Inhibition of LOXL2 by AB0023 in a reaction where DAP (IC₅₀′ = 62 ± 5.8 nm) and spermine (IC₅₀′ = 55 ± 11 nm) (A) or collagen I (IC₅₀′ = 60.9 ± 3.9 nm) (B) are used as substrate. LOXL2 concentration was at 25 nm when DAP and spermine are used. For collagen I reactions, LOXL2 was at 100 nm. C, the effect of AB0023 on the enzymatic activity of active hLOXL3 as a function of AB0023 concentration.

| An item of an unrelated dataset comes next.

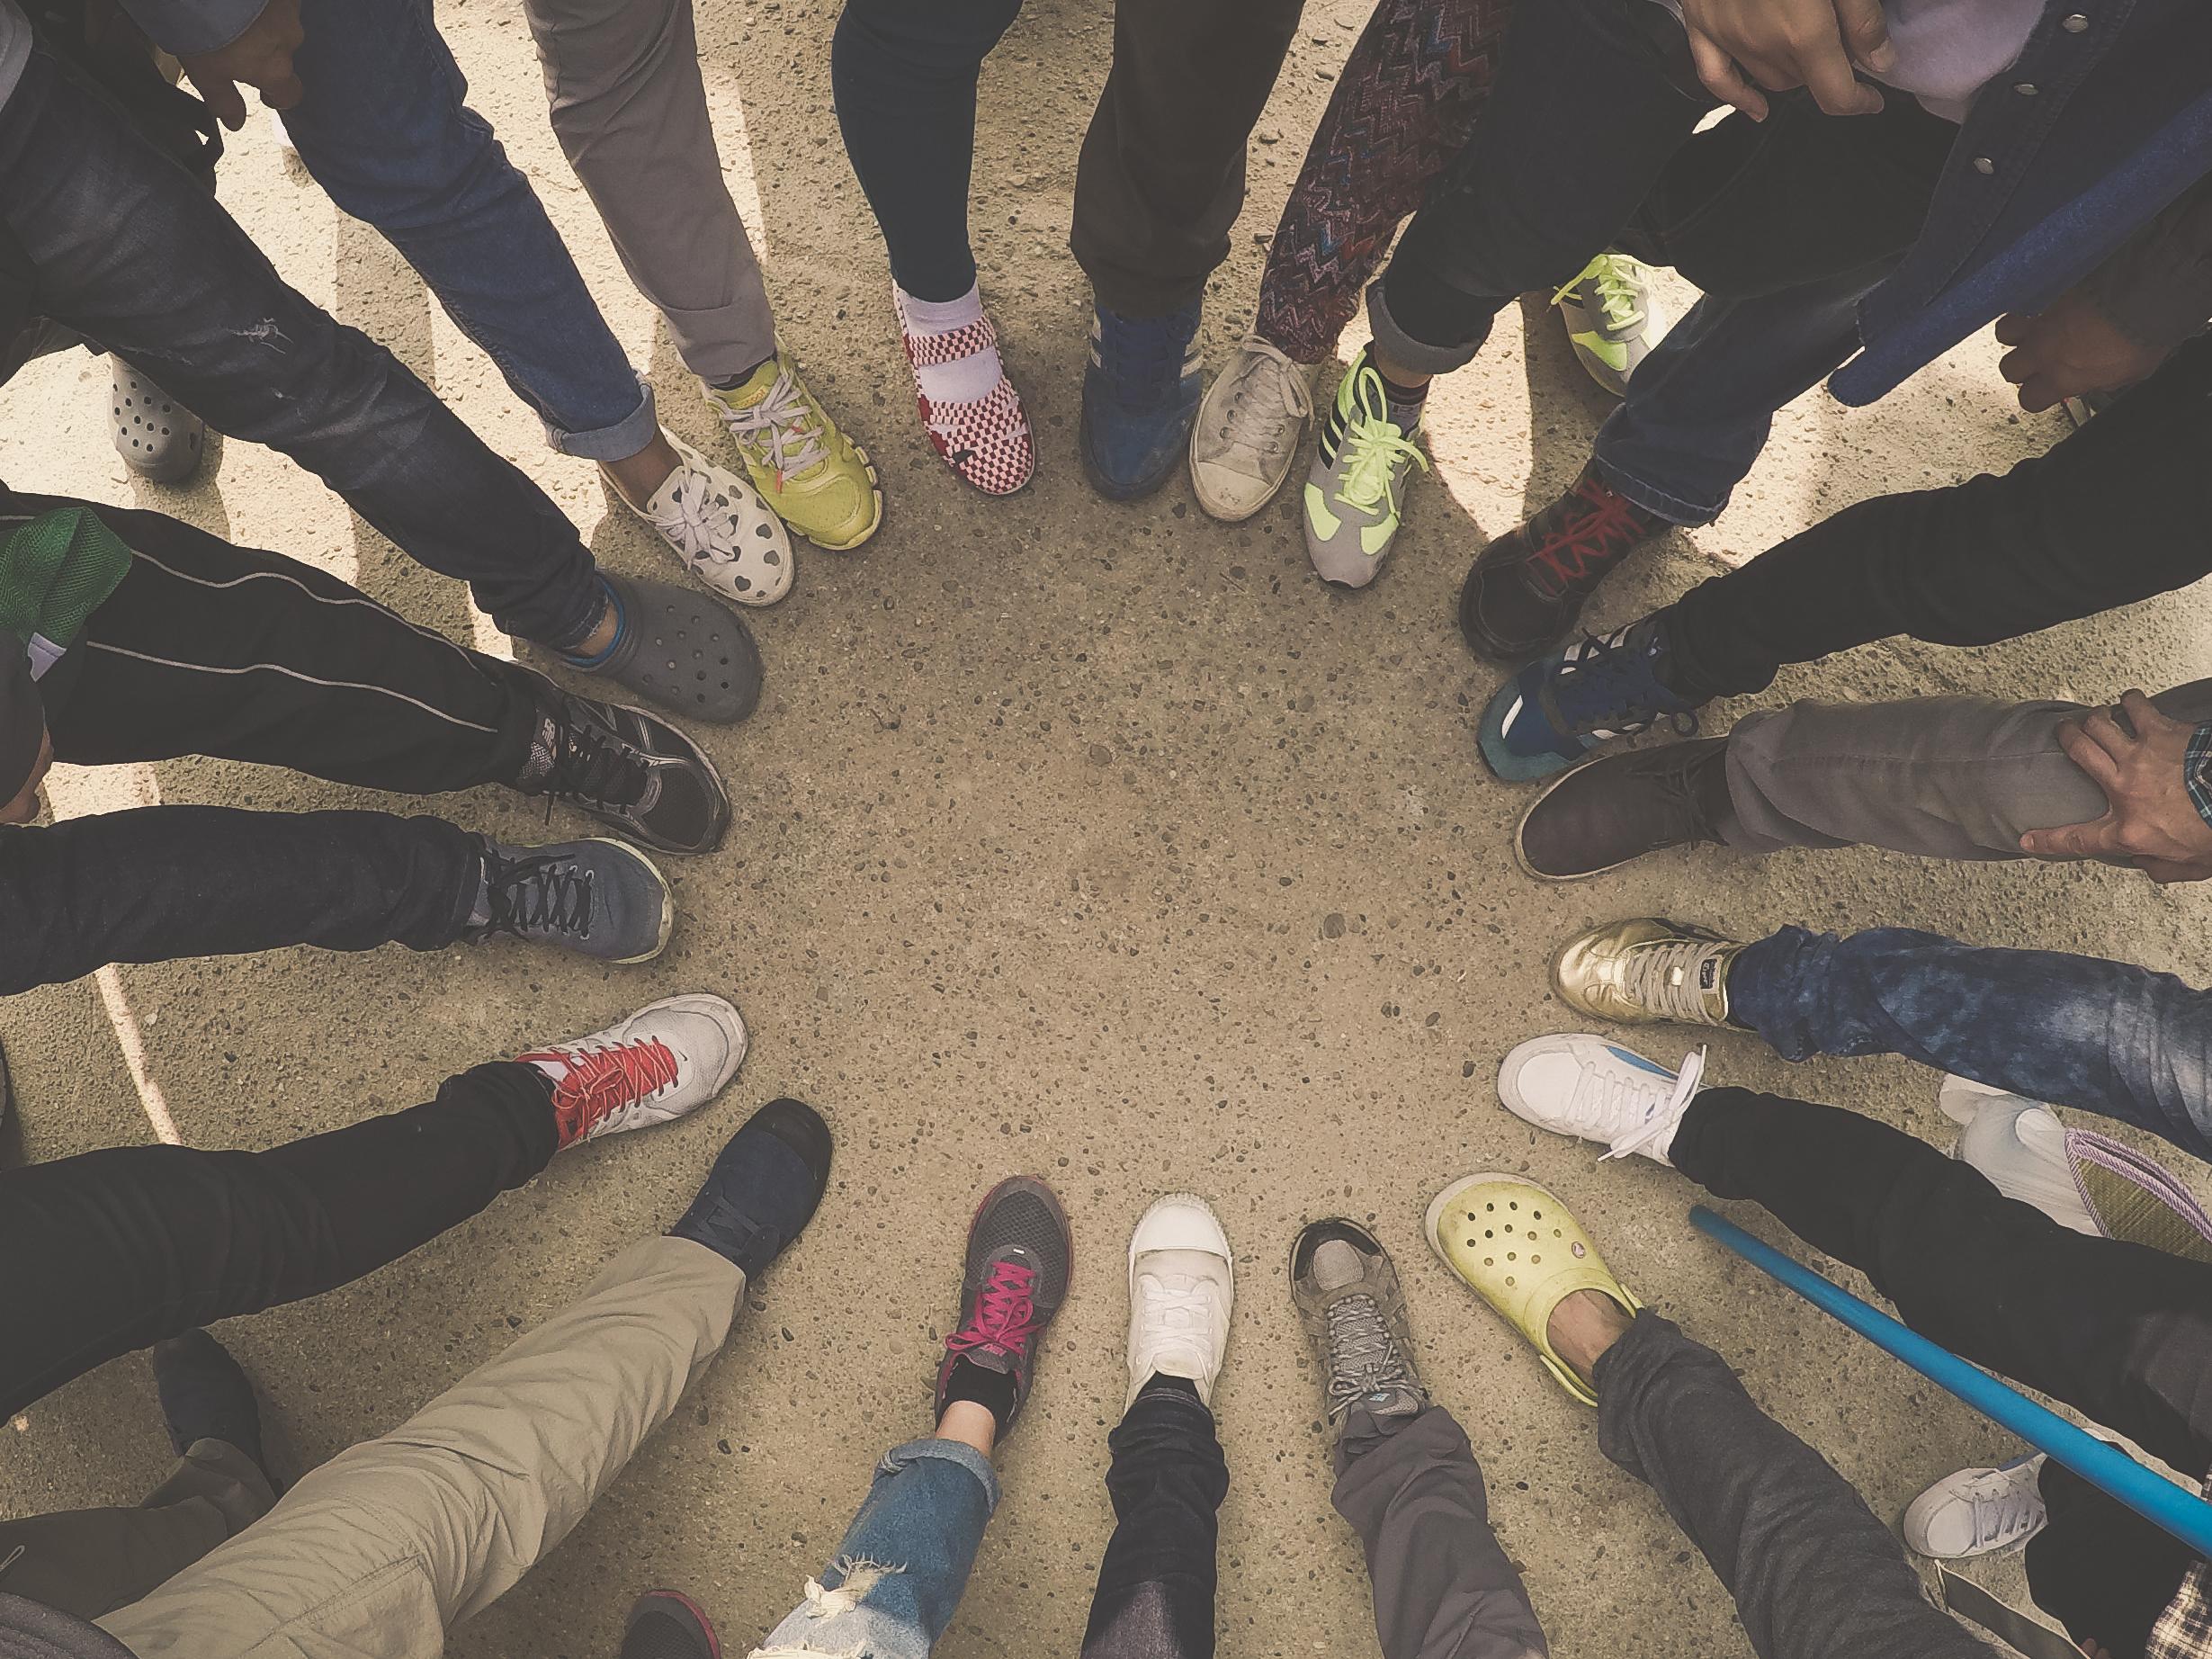 KIWI's Shoes Charity Drive

The final reaction mixture contained 20 nm hLOXL3, 15 mm DAP, and the indicated concentration of AB0023. D, inhibition of hLOXL3 by BAPN where the substrate is DAP. Final conditions are as described in C. The observed IC₅₀ for BAPN against hLOXL3 was 3.4 μm ± 1.9 μm. Data for all figures were normalized to the enzymatic rate in the absence of AB0023 or inhibitor.

FIGURE 7.

AB0023 inhibition modality against DAP (α = 1. 02 ± 0.05, β = 0.53 ± 0.04) (A) and spermine (α = 1.13 ± 0.26, β = 0.51 ± 0.06) (B) in the presence of varying concentrations of AB0023 (as shown). The response with both substrates is consistent with that of a non-competitive inhibitor (α = 1, see text).